- THE PROBLEM
Without changing a word, repeat the data, and include no pictures.

SOURCE DATA Start Marker

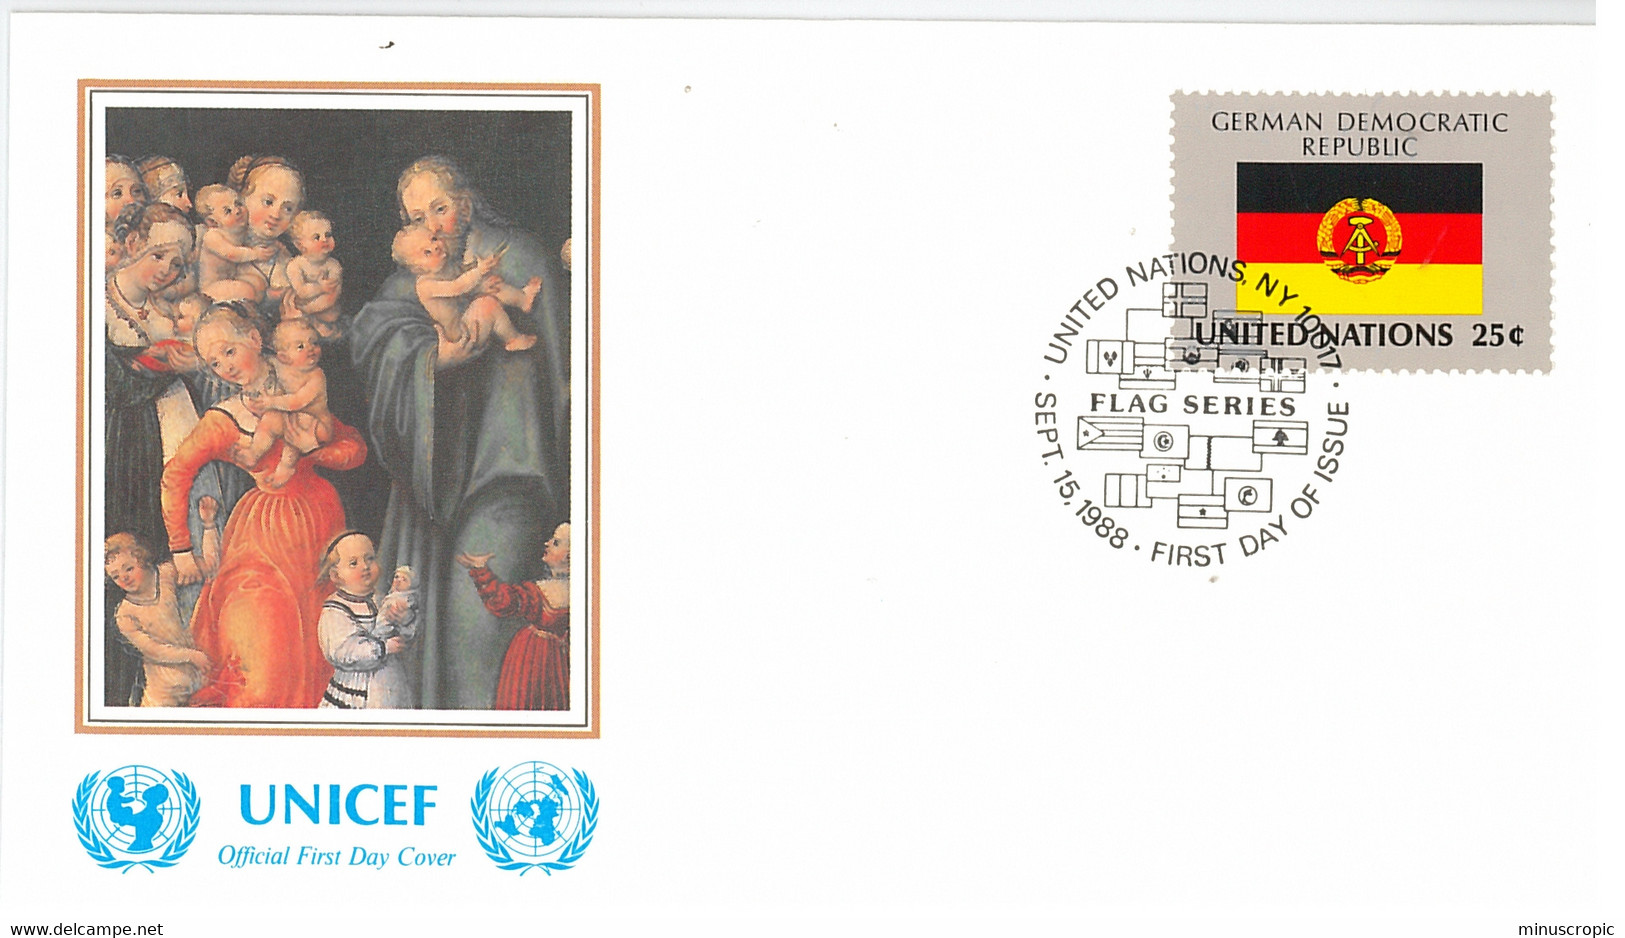 Enveloppe FDC United Nations - UNICEF - Flag Series 5/88 - German Democratic Republic - 1988 - Covers & Documents
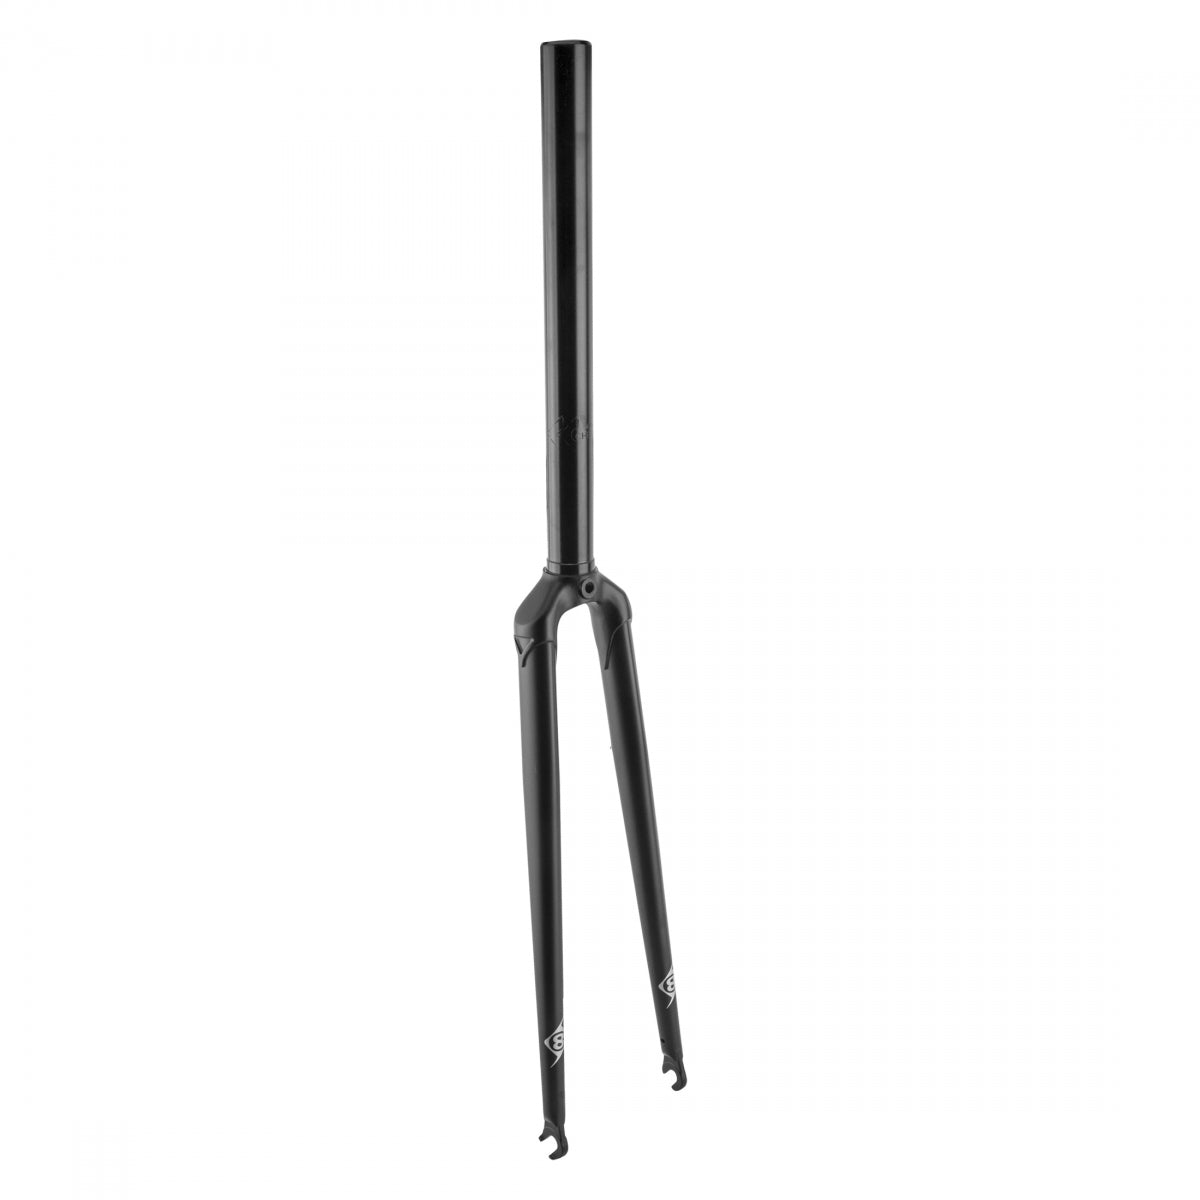 Origin8 Pro Pulsion Synergy 700c Road Fork, Alloy/Carbon, 1 1/8
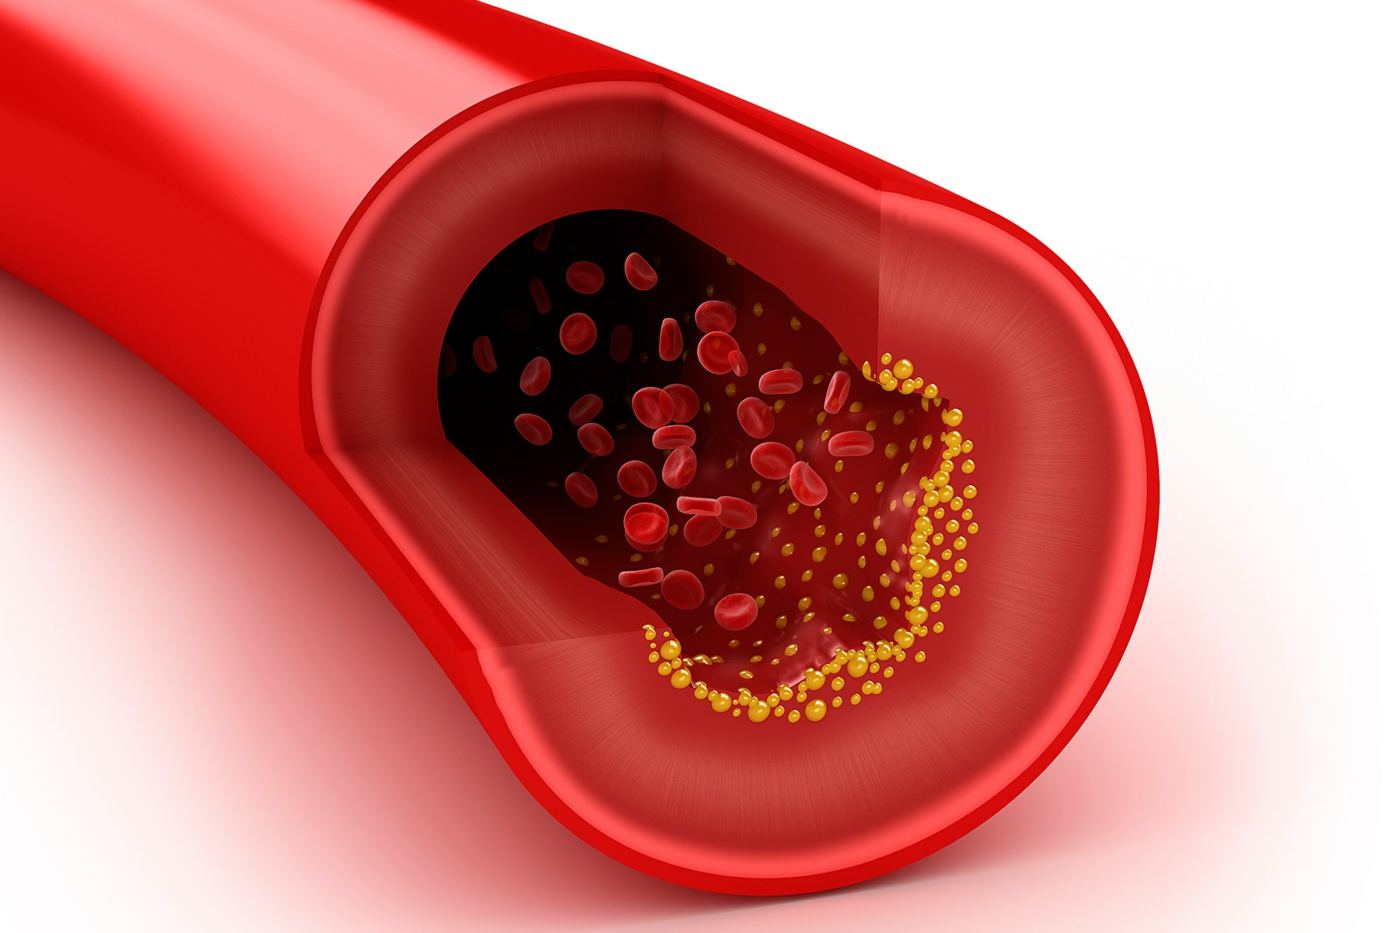 Cholesterol values ​​were determined to lower the risk of infections

SOURCE DATA End Marker

- OUTPUT FOR THIS EXERCISE
 Enveloppe FDC United Nations - UNICEF - Flag Series 5/88 - German Democratic Republic - 1988 - Covers & Documents
 Origin8 Pro Pulsion Synergy 700c Road Fork, Alloy/Carbon, 1 1/8
 Cholesterol values ​​were determined to lower the risk of infections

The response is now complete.